WHAT IS NEEDED: Search the records for the line with "Waving in air". Output that line and each line after it, exactly, and stop at the end; omit pictures.

---------- MATERIAL FOR THE TASK ----------

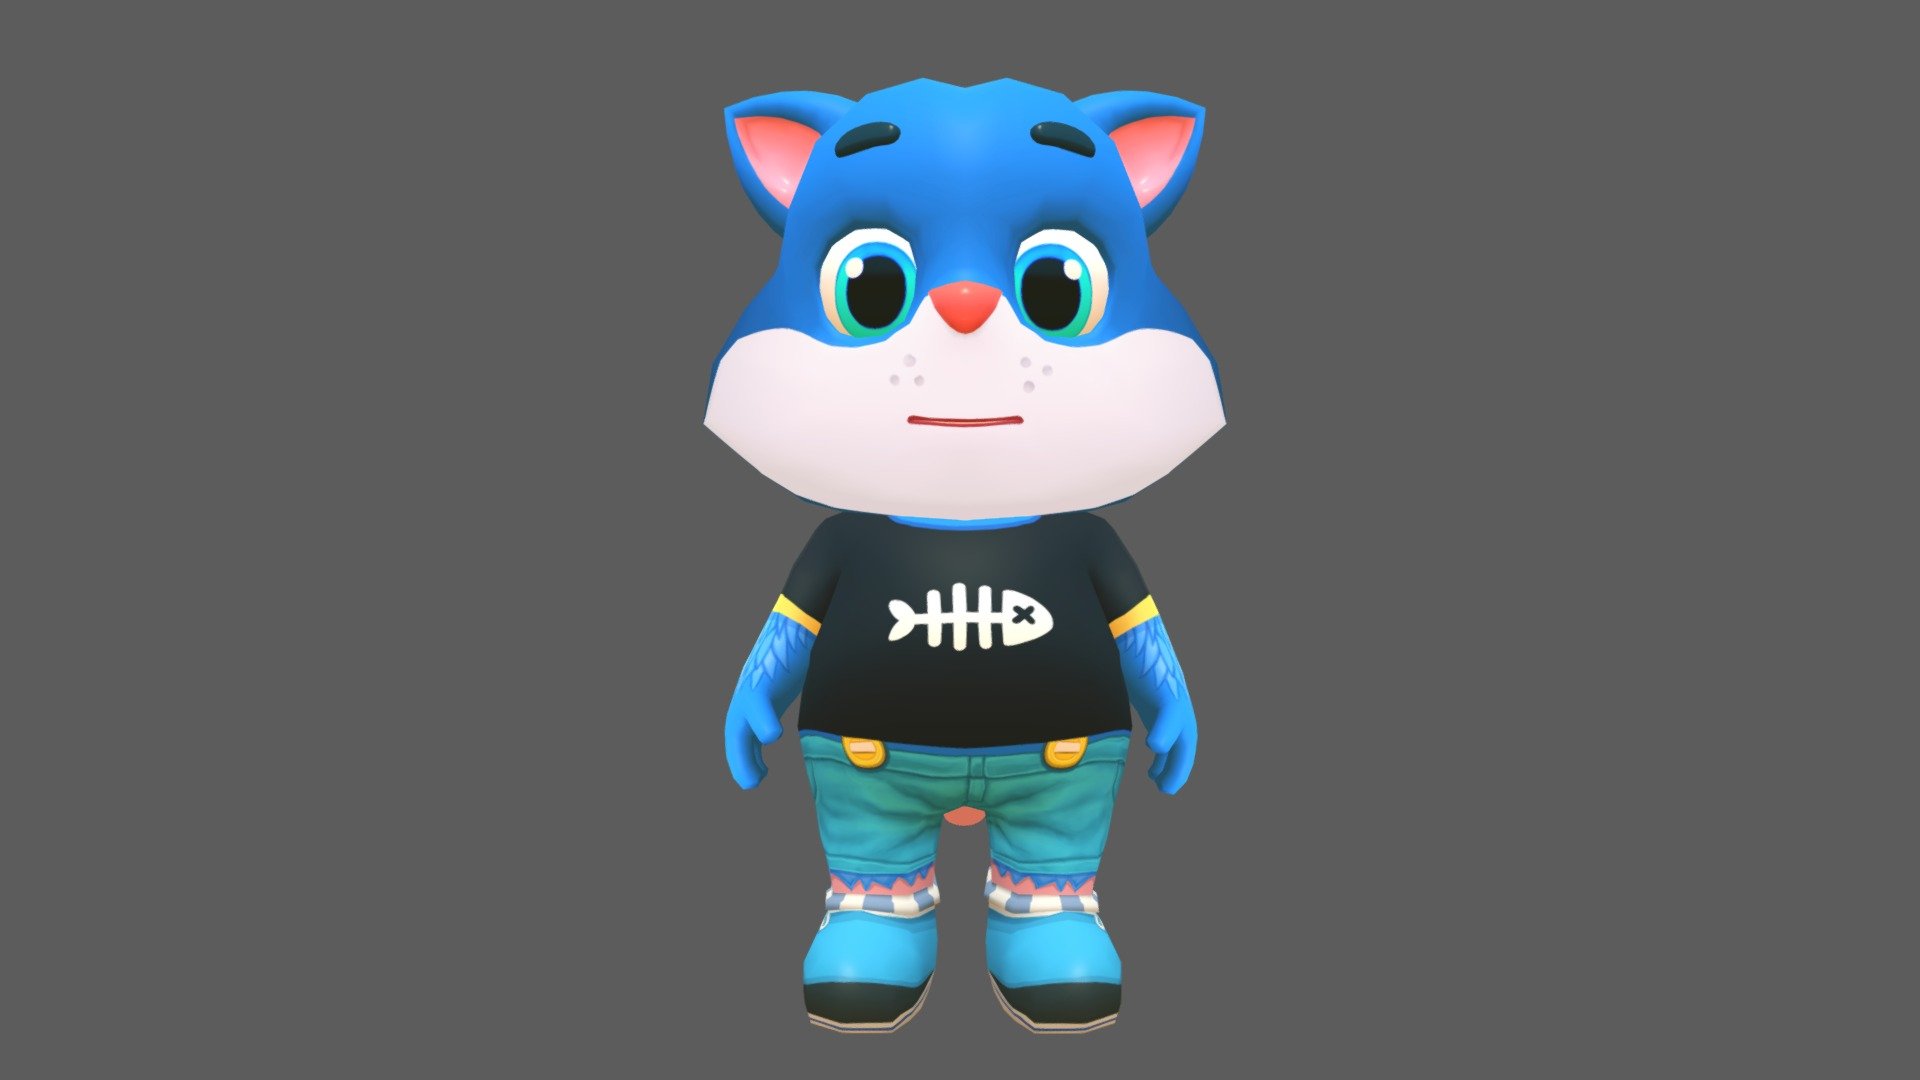 Cat Kitten character for games and animations. The model is game ready and compatible with game engines.

The model is low poly with four texture resolutions 4096x4096, 2048x2048, 1024x1024 &amp; 512x512.

Included Files:




Maya (.ma, .mb) - 2015 - 2019

FBX - 2014 - 2019

OBJ

The package includes 18 Animations which are as follows:




Run

Idle

Jump

Leap left

Leap right

Skidding

Roll

Crash &amp; Death

Power up

Whirl

Whirl jump

Waving in air

Backwards run

Dizzy

Gum Bubble

Gliding

Waving

Looking behind

The model is fully rigged and can be easily animated in case further animating or modification is required.

The model is game ready at:




3632 Polygons

3620 Vertices

The model is UV mapped with non-overlapping UV's. The shadows and lights are baked in the texture, although you can add more lights and shadows for rendering and use it as you please 3d model
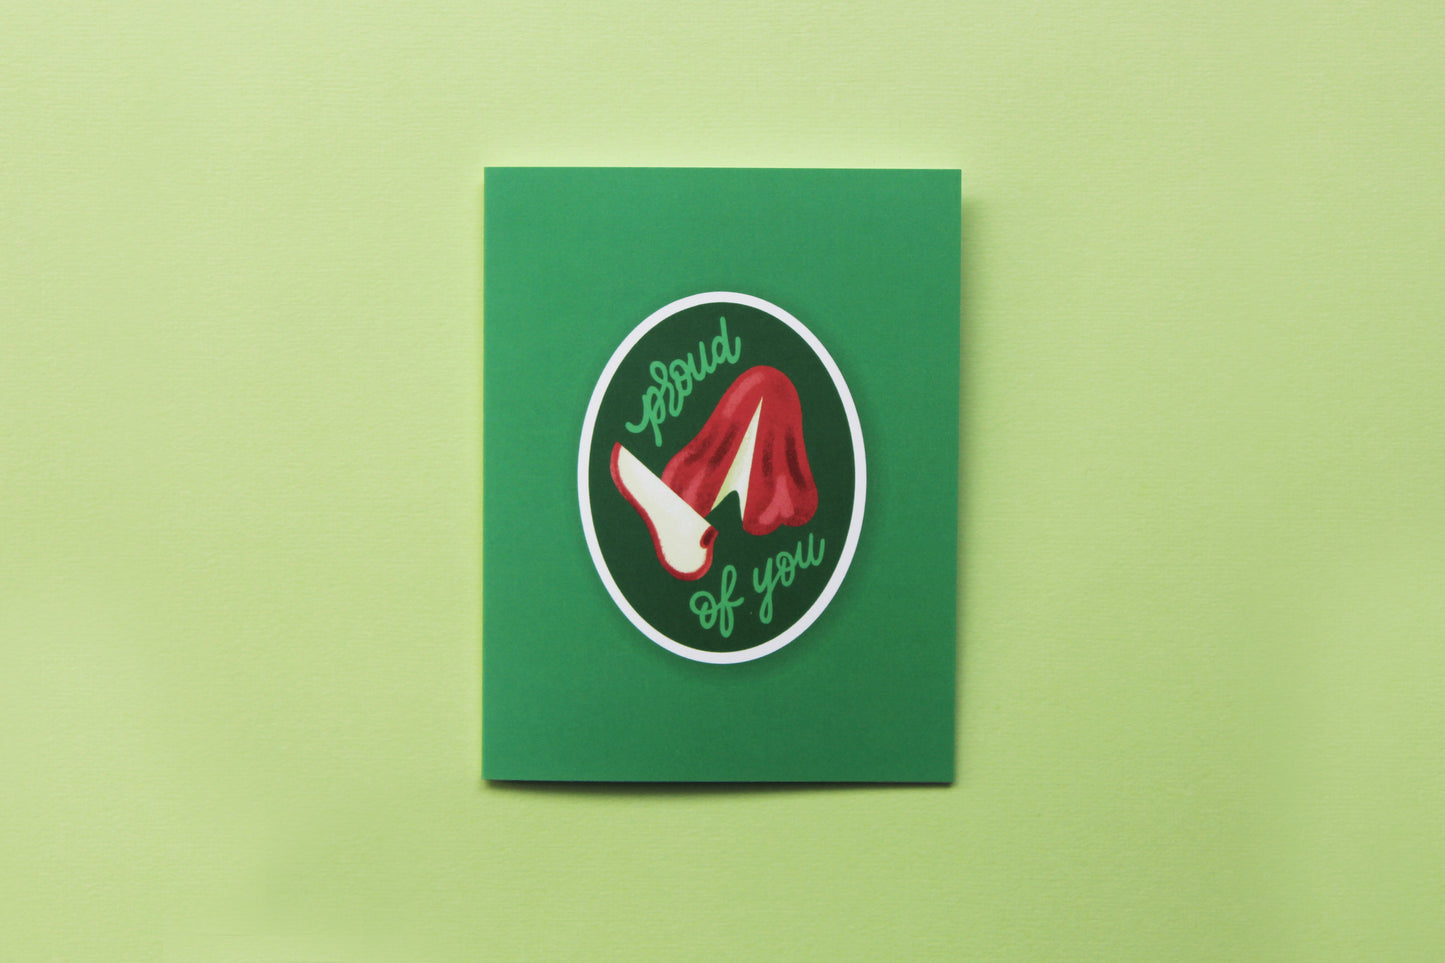 A photo of a green greeting card with a sliced wax apple that says "Proud of you"on a green background.

----------

RESPONSE TO THE TASK:
Waving in air

Backwards run

Dizzy

Gum Bubble

Gliding

Waving

Looking behind

The model is fully rigged and can be easily animated in case further animating or modification is required.

The model is game ready at:




3632 Polygons

3620 Vertices

The model is UV mapped with non-overlapping UV's. The shadows and lights are baked in the texture, although you can add more lights and shadows for rendering and use it as you please 3d model
 A photo of a green greeting card with a sliced wax apple that says "Proud of you"on a green background.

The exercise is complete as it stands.